WORK INSTRUCTIONS:
From the listing below, please restate exactly the lines beginning at the one with "Gadżety star wars" and ending at the one with "Zara poster design", both included, and skip the pictures.

DATASET:
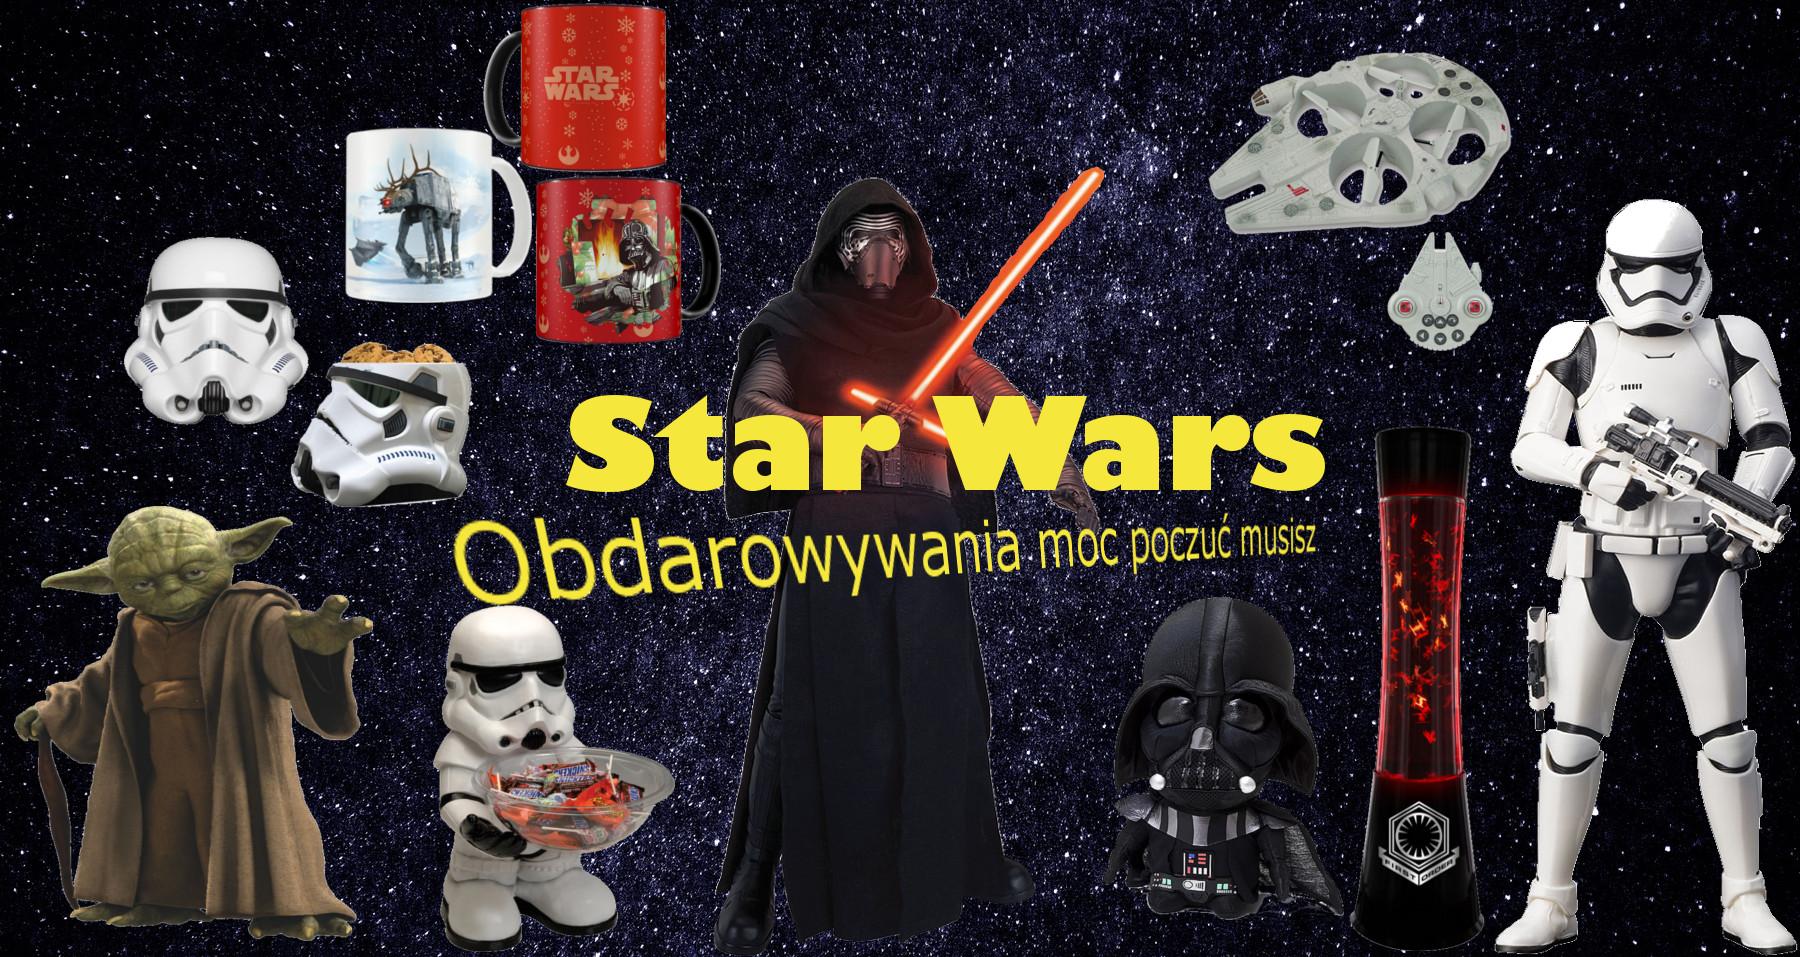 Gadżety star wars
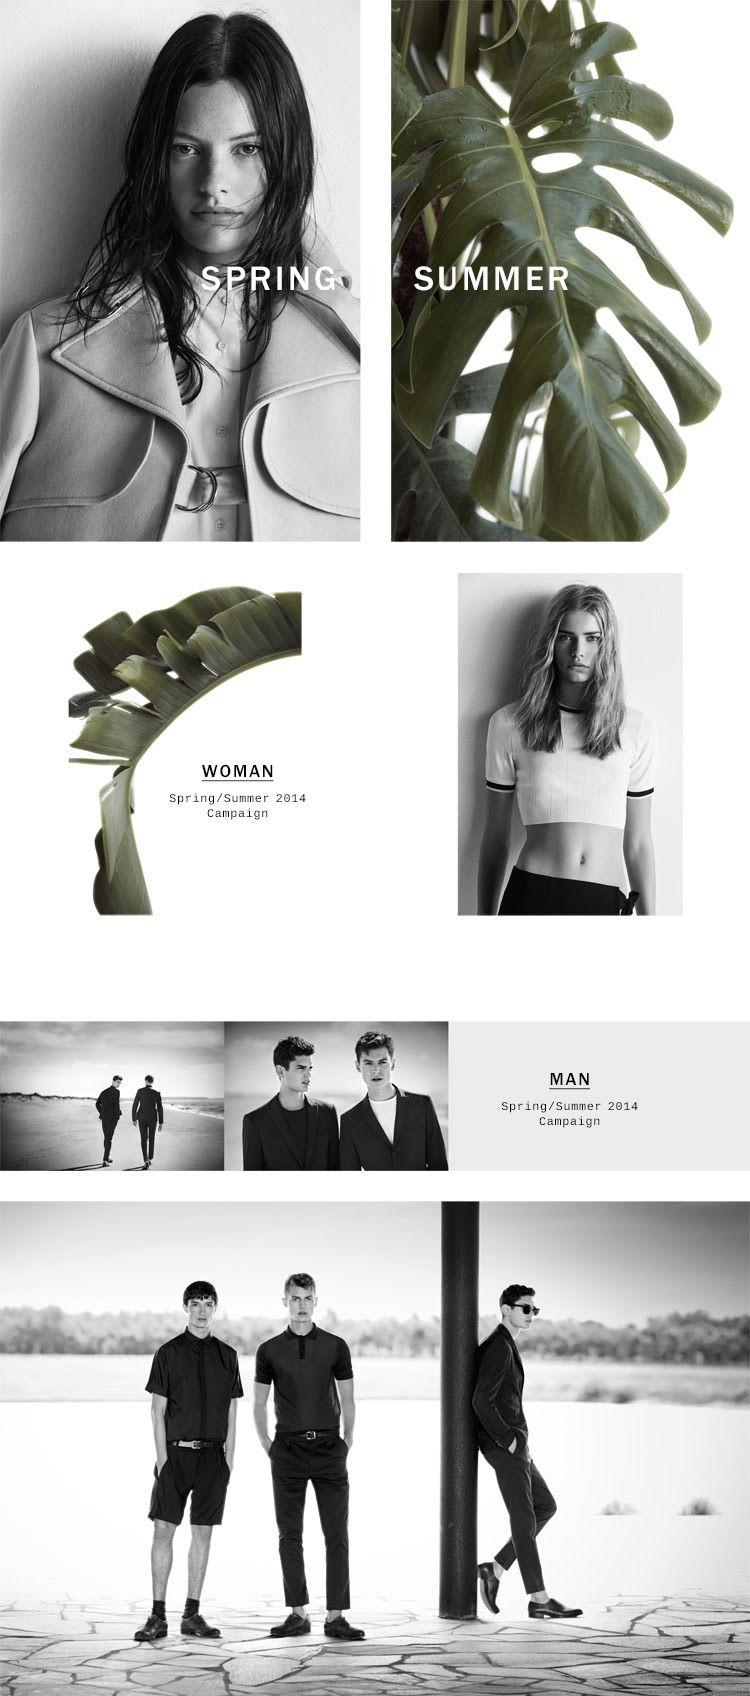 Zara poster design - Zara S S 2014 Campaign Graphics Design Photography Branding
---
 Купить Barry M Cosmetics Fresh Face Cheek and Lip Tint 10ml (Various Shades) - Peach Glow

ANSWER SECTION:
 Gadżety star wars
 Zara poster design - Zara S S 2014 Campaign Graphics Design Photography Branding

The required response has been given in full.